On Mon, 13 Oct 2025 at 16:14, Etienne Chauchot <[email protected]> wrote:

> Hi Poorvank,
>
> Thanks for this proposition. I agree with the need and the general
> architecture.
>
> In Apache Beam project there was a similar test framework that allowed
> to run a complete pipeline in test with control on watermark (set the
> watermark of the source), processing time (change clock time), wait for
> pipeline finish and then do some assertions on the output stream.
>
> Here are the pointers to the different classes to take some inspiration
> from:
>
> -
>
> https://github.com/apache/beam/blob/master/sdks/java/core/src/main/java/org/apache/beam/sdk/testing/TestPipeline.java
>
> -
>
> https://github.com/apache/beam/blob/master/sdks/java/core/src/main/java/org/apache/beam/sdk/testing/TestStream.java
>
> -
>
> https://github.com/apache/beam/blob/master/sdks/java/core/src/main/java/org/apache/beam/sdk/testing/PAssert.java
>
> Best
>
> Etienne
>
> Le 07/10/2025 à 05:57, Poorvank Bhatia a écrit :
> > Hi Samrat,
> >
> > Thanks for the review. Please find the responses inline below.
> >
> > 1. For complex stateful applications, verifying only the final output at
> >> the sink may not be sufficient. Sometimes, there is a need to validate
> the
> >> intermediate state being built up within operators to ensure
> correctness.
> >> Is there a mechanism to inspect and verify the contents of an operator's
> >> state?
> >
> >   IMO For fine-grained, deterministic validation of
> Value/List/Map/Broadcast
> > state and processing-time timers, the existing Operator/Function test
> > harnesses are the right tool
> >
> > A common pattern in many of the Flink jobs is the use of side outputs to
> >> route different types of data to different downstream processes. The
> >> singular *assertSink() *method appears to target only the main data
> stream.
> >> Can you consider extending the interface to allow tests to capture and
> >> assert data emitted to named side outputs?
> >> This could take the form of an assertion method like
> >> *assertSideOutput(OutputTag<T>
> >> tag, T... expected)*, enabling comprehensive testing of pipelines with
> side
> >> output logic. WDUT?
> >
> > Agreed. Can add first-class support for side outputs by
> > registering OutputTag<T>s and collecting them via a named buffer, e.g.:
> >
> >     -
> >
> >     Runner: withSideOutput(OutputTag<T> tag[, String name])
> >     -
> >
> >     Assertions: assertSideOutput(tag).receivedExactlyInAnyOrder(...)

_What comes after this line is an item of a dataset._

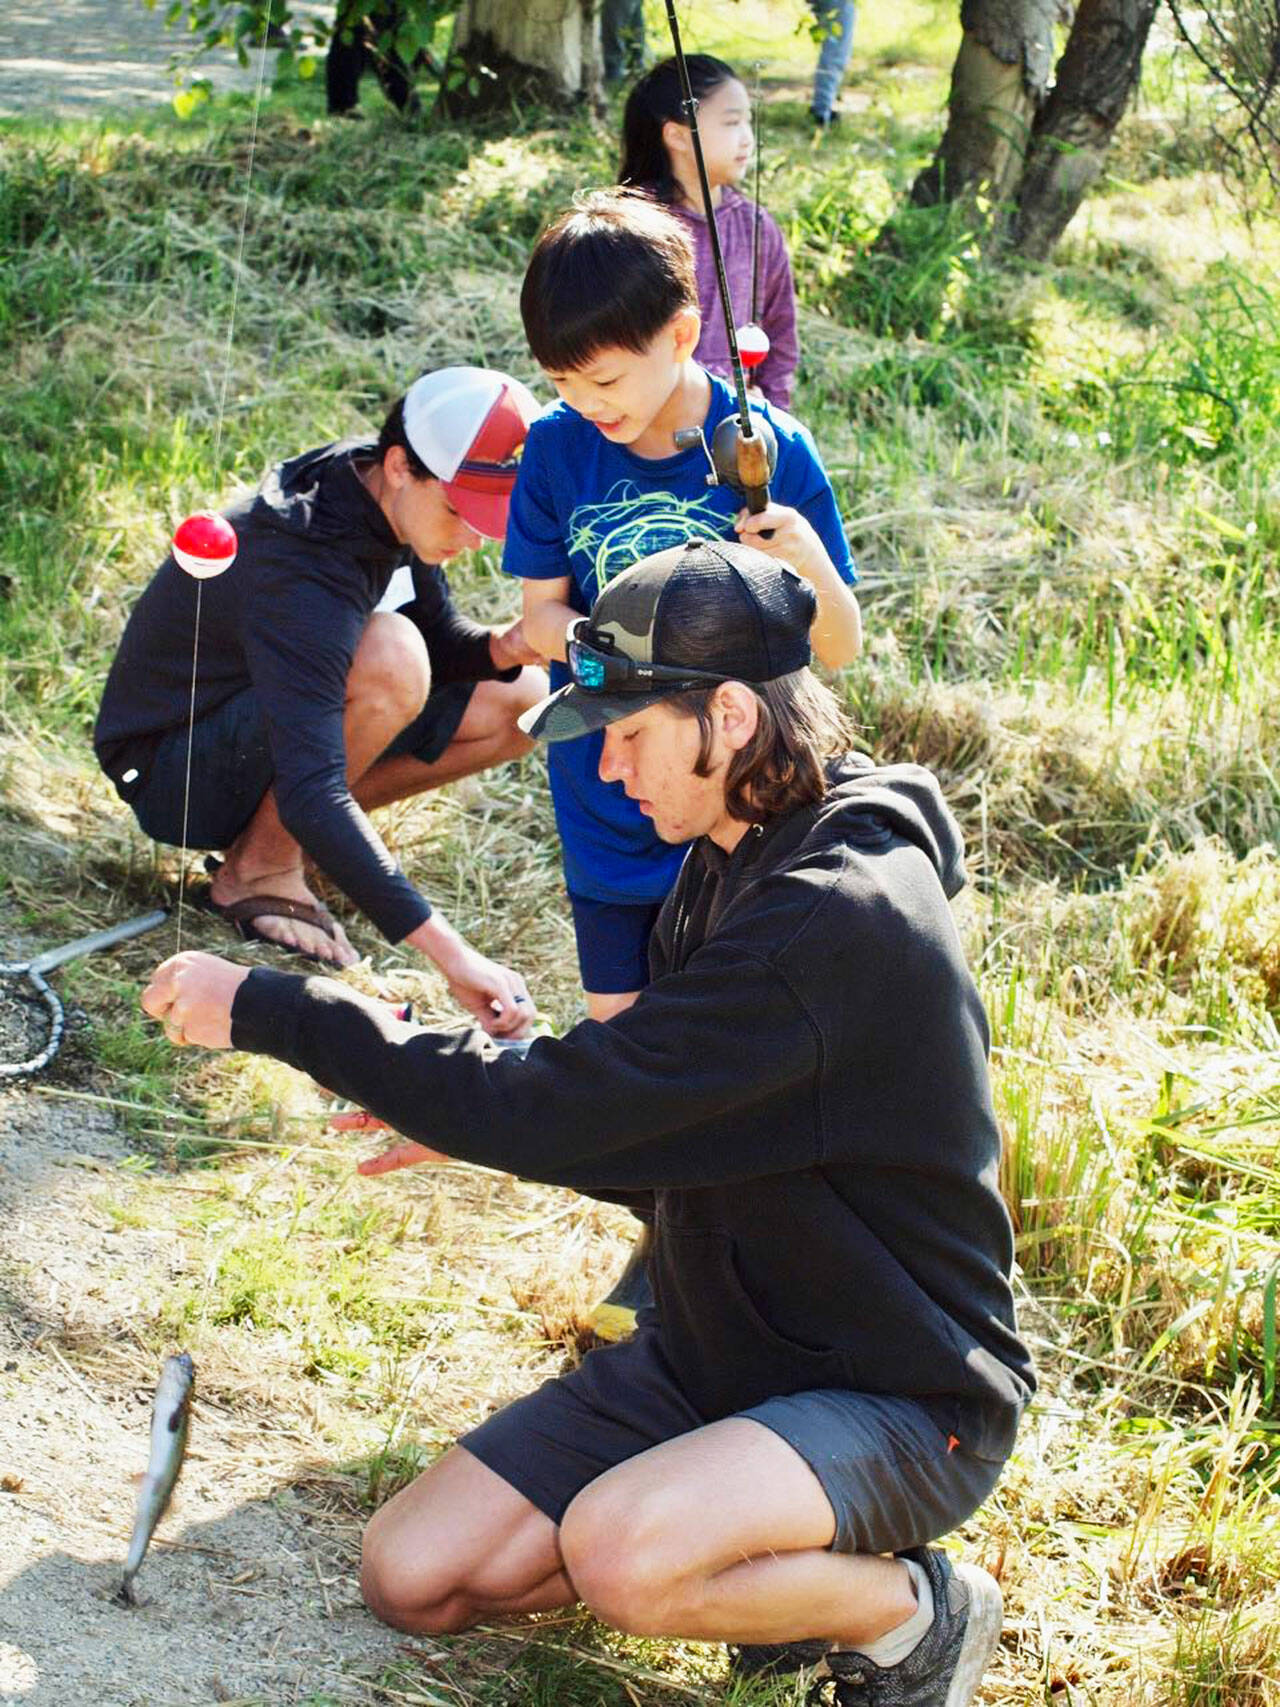 More than 100 kids took part in the fishing day. COURTESY PHOTO, Ken Parks

> >     Implementation reuses the same shared sink buffer under a namespaced
> key
> >     for each tag.
> >
> >
> >    a. *sendWatermarkAndAwaitIdle()*: A method that sends a watermark
> >> and then blocks until the framework can determine that all in-flight
> >> records and timers triggered by that watermark have been fully
> processed.
> >> This would help users to add tests for windowed operations by removing
> the
> >> need for manual waits or sleeps.
> >
> > Not sure what would be the right way to do that. The runtime doesn’t
> expose
> > a reliable, global “quiescent after W” signal. Watermark firings can
> > cascade, and in-flight work sits in mailboxes, and async callbacks—so
> > "fully processed" is unverifiable end-to-end.
> >
> >
> >>           b.* advanceProcessingTime(Duration duration)*: Method to
> advance
> >> the notion of processing time within the test environment. This will
> help
> >> add deterministic testing logic that depends on processing-time timers
> and
> >> windows.
> >>
> >> AFAIK, same as above i think the the Operator/Function harnesses already
> > support deterministic processing-time control.
> >
> > Thanks,
> > Poorvank Bhatia
> >
> > On Wed, Sep 24, 2025 at 11:59 AM Samrat Deb <[email protected]>
> wrote:
> >
> >> Thank you, Poorvank, for the proposal. This would be a valuable addition
> >> toward building reliable and well-tested Flink applications. The
> proposal
> >> is already in excellent shape.
> >>
> >> Below are my take and suggestions on the proposal :
> >>
> >> 1. For complex stateful applications, verifying only the final output at
> >> the sink may not be sufficient. Sometimes, there is a need to validate
> the
> >> intermediate state being built up within operators to ensure
> correctness.
> >> Is there a mechanism to inspect and verify the contents of an operator's
> >> state?
> >>
> >> 2. A common pattern in many of the Flink jobs is the use of side
> outputs to
> >> route different types of data to different downstream processes. The
> >> singular *assertSink() *method appears to target only the main data
> stream.
> >> Can you consider extending the interface to allow tests to capture and
> >> assert data emitted to named side outputs?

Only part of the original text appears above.